The first is led by Harvard biochemist David Liu, who last year invented a method of switching single letters in the 3-billion-letter human genome to repair disease-causing mutations.
While CRISPR/Cas9 simply cuts out existing genes, Liu and his team established a base editor that can rearrange the sequences of our genetic code—like a master forger fooling even the most adept experts.
Their adenine base editor, or ABE for short, can neatly turn the DNA letter A (adenine) into G (guanine) “with surprising efficiency” and “virtually no” collateral damage, according to a Harvard press announcement.

Harvard and Broad Institute researchers developed a DNA base editor that could one day be used to treat many common genetic diseases (via Susannah Hamilton/Harvard University)
“What we’ve developed is a base editor, a molecular machine, that in a programmable, irreversible, efficient, and extremely clean way can correct … mutations in the genome of living cells,” Liu said in a statement.
The entire family of base-editing systems developed in Liu’s lab can now correct all so-called “transition” mutations—C to T, T to C, A to G, G to A—which account for nearly two-thirds of genetic conditions, including sickle-cell anemia, cystic fibrosis, Tay-Sachs disease, and color blindness.
“Creating a machine that makes the genetic change you need to treat a disease is an important step forward, but it’s only one part of what’s needed to treat a patient,” the Harvard professor said. “We still have to deliver that machine, we have to test its safety, we have to assess its beneficial effects in animals and patients and weigh them against any side effects.
In a separate study, published in the journal Science, Feng Zhang of the Broad Institute describes a new version of CRISPR that can efficiently edit RNA, the single-stranded cousin of DNA.
The system—RNA Editing for Programmable A to I Replacement (REPAIR)—can reverse disease-causing mutations at the RNA level, and provide other therapeutic and basic science applications.
“The ability to correct disease-curing mutations is one of the primary goals of genome editing,” according to Zhang, a professor in the departments of brain and cognitive science and biological engineering at MIT.

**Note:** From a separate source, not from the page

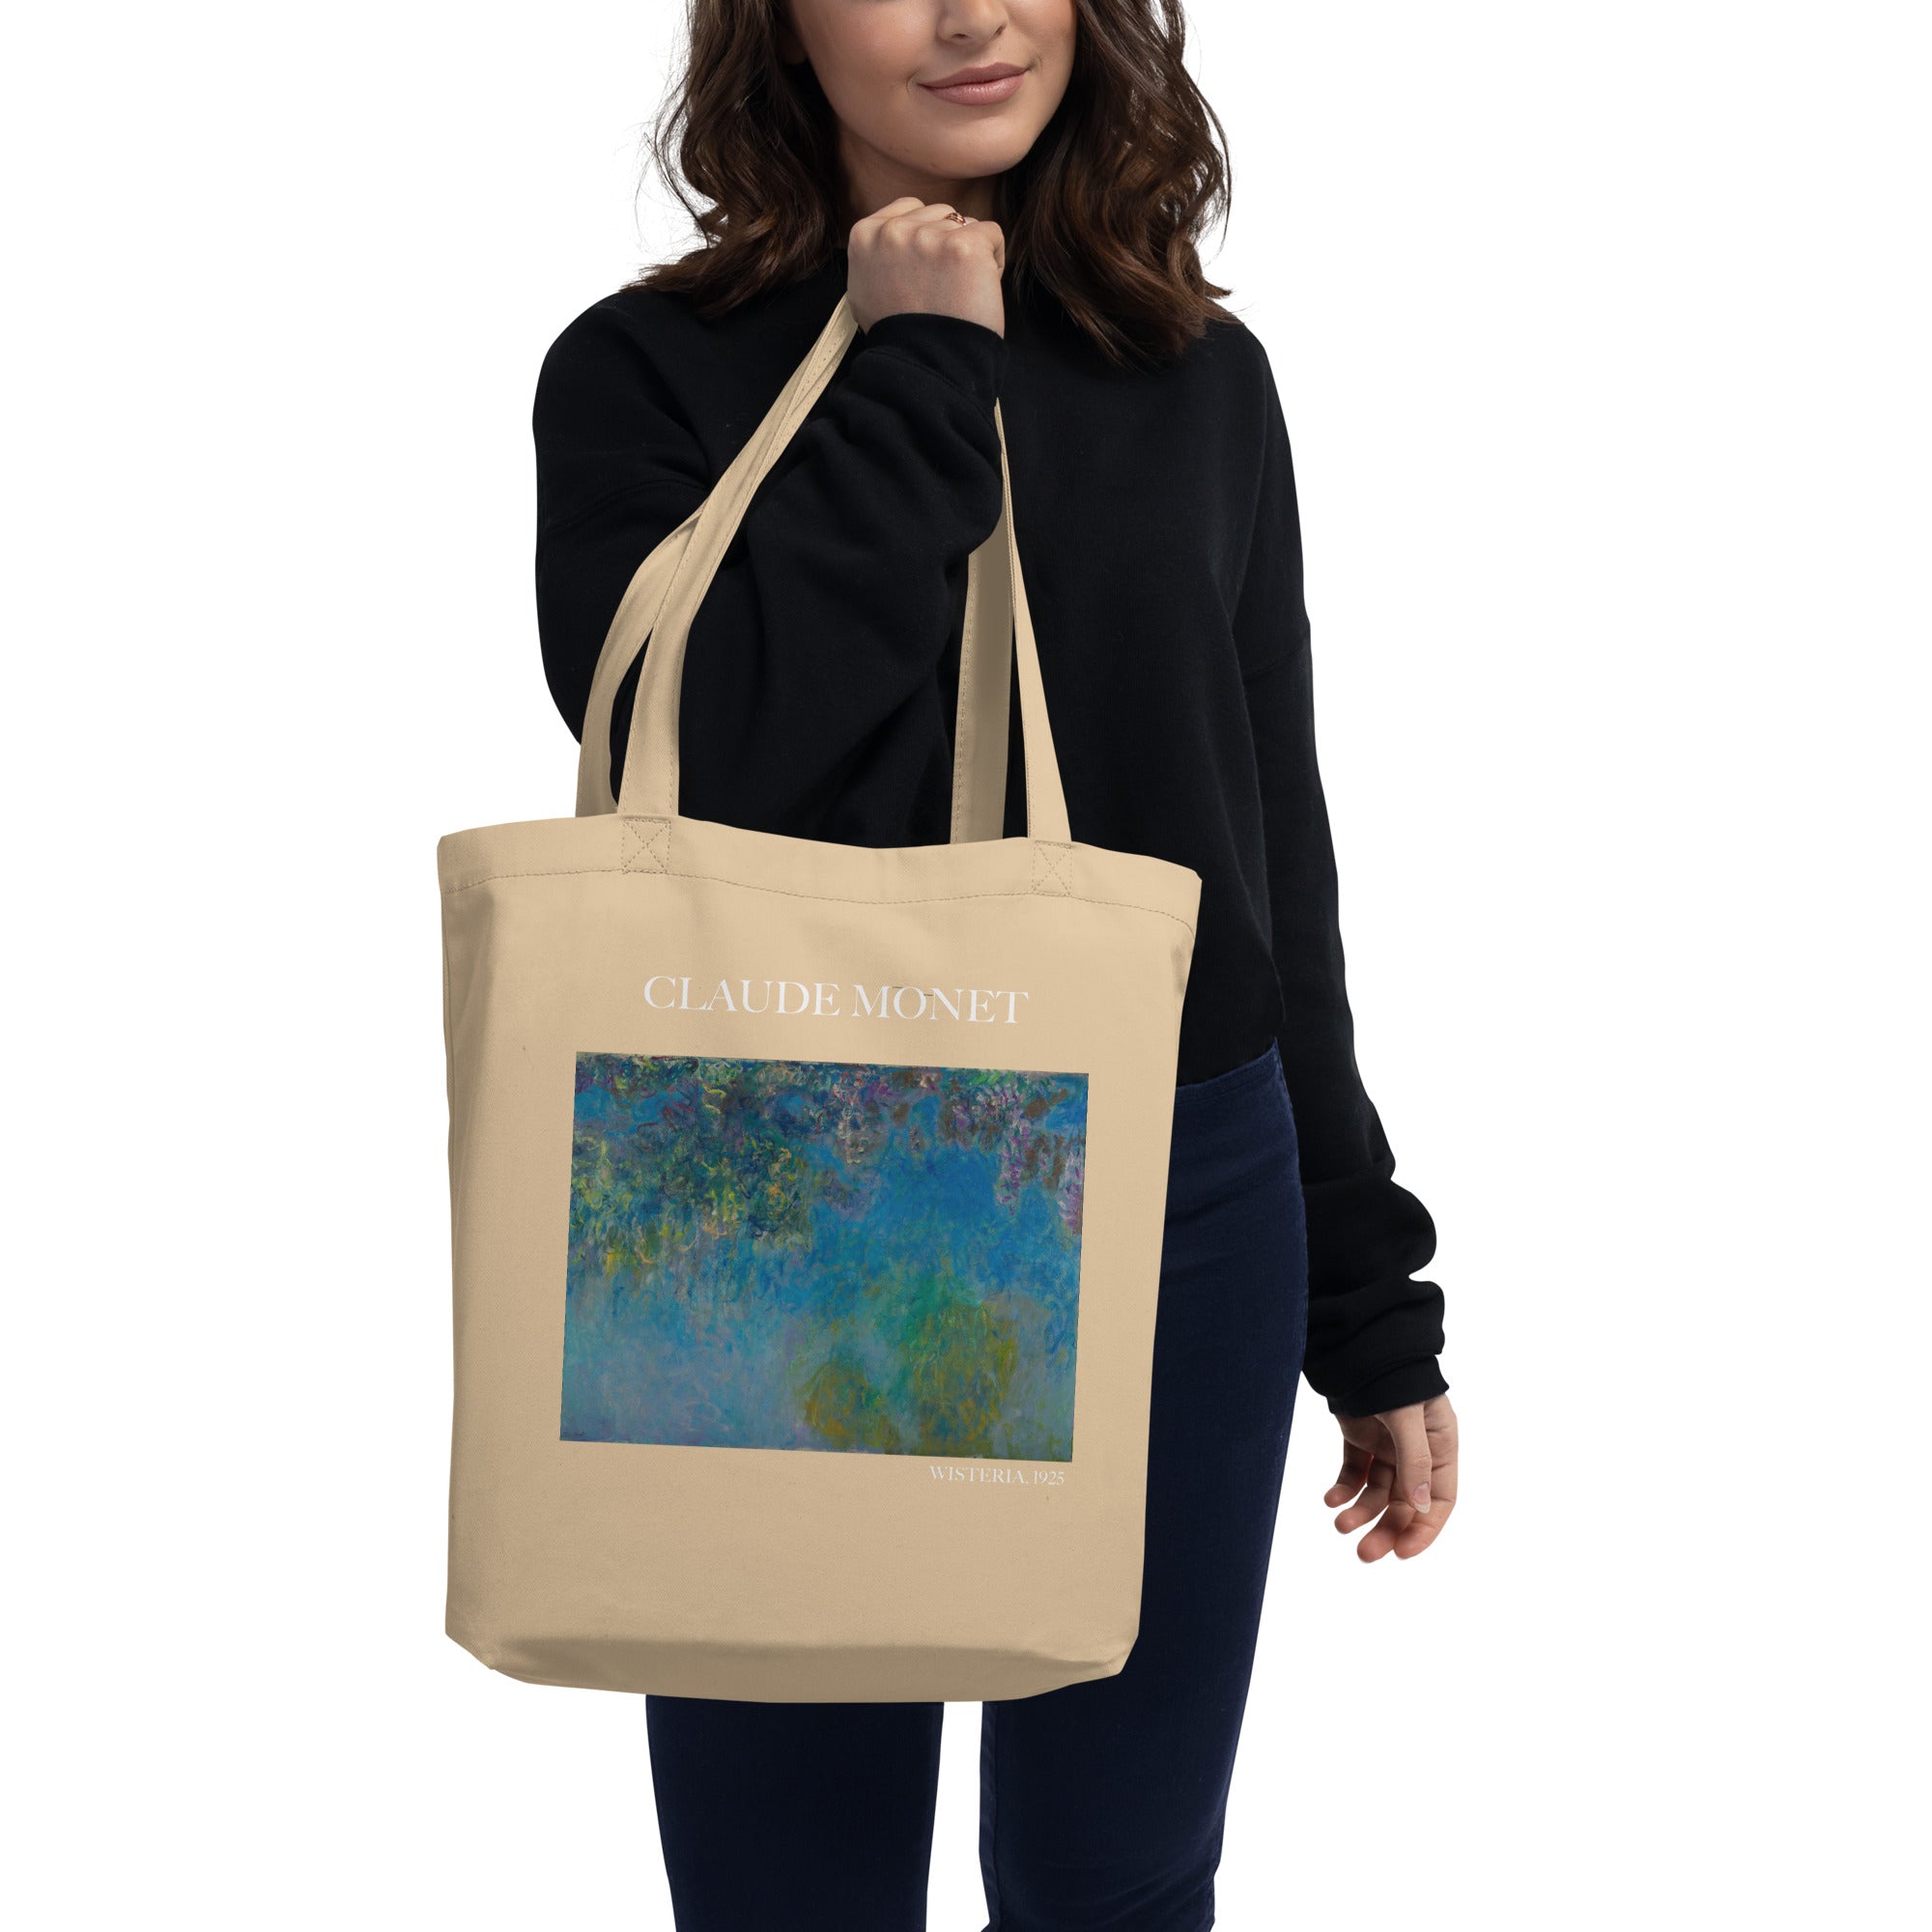 Claude Monet 'Wisteria' berühmtes Gemälde Tragetasche | Umweltfreundliche Kunst Tragetasche

“So far, we’ve gotten very good at inactivating genes, but actually recovering lost protein function is much more challenging,” he said. “This new ability to edit RNA opens up more potential opportunities to recover that function and treat many diseases, in almost any kind of cell.”

A new REPAIR system edits RNA, rather than DNA (via Susanna Hamilton/Broad Communications)

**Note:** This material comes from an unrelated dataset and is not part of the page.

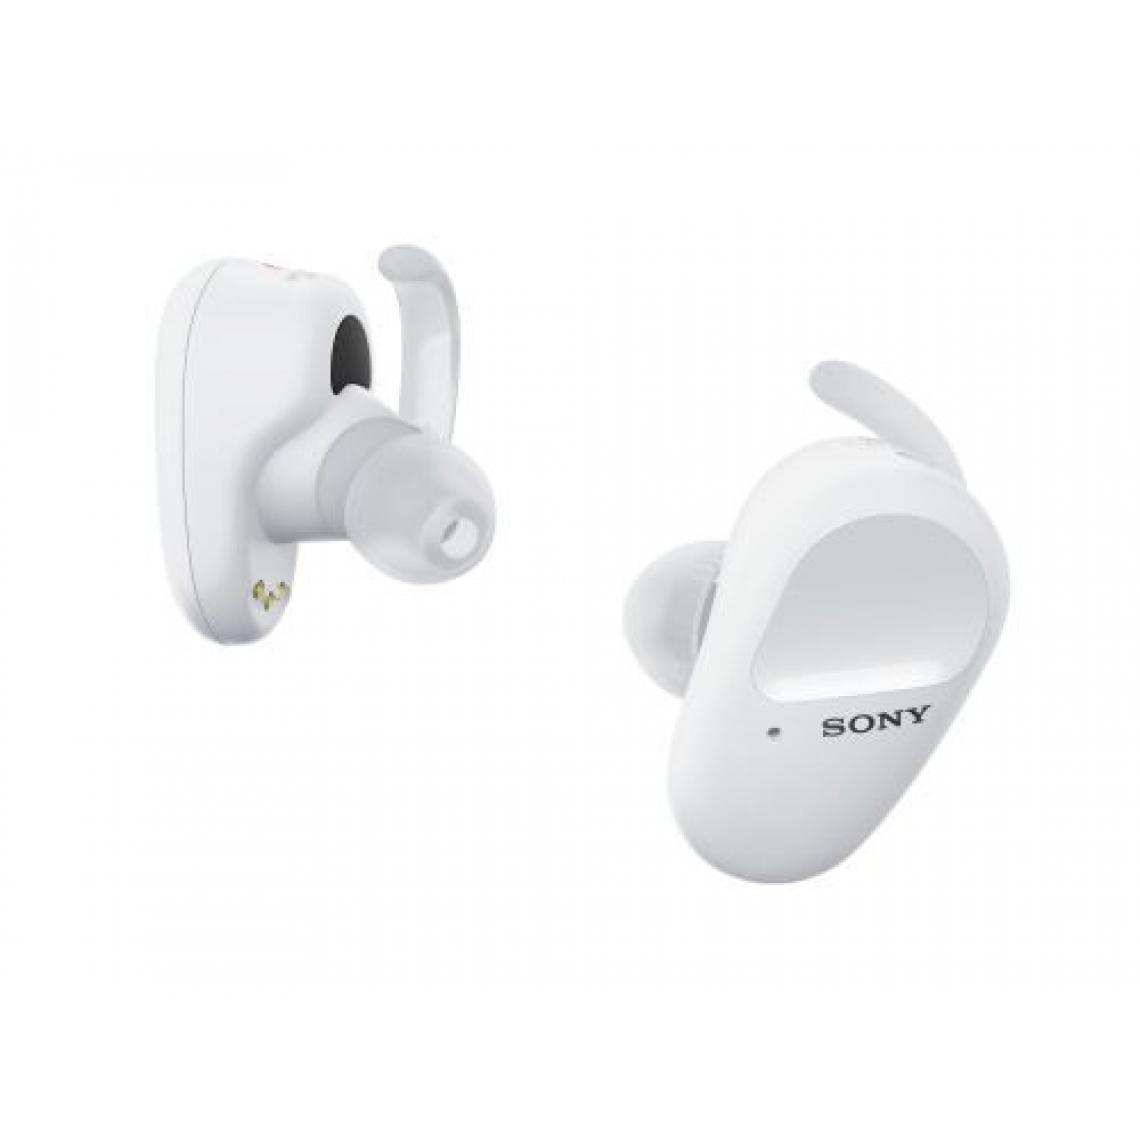 Sony - Ecouteurs sans fil True Wireless Sport Sony WFSP800N à réduction de bruit Blanc - Casque

Like ABE, REPAIR can target individual RNA letters and reverse the impact of pathogenic G-to-A mutation, which may cause focal epilepsy, Duchenne muscular dystrophy, and Parkinson’s disease.
“REPAIR can fix mutations without tampering with the genome, and because RNA naturally degrades, it’s a potentially reversible fix,” co-author David Cox, a graduate student in Zhang’s lab, explained.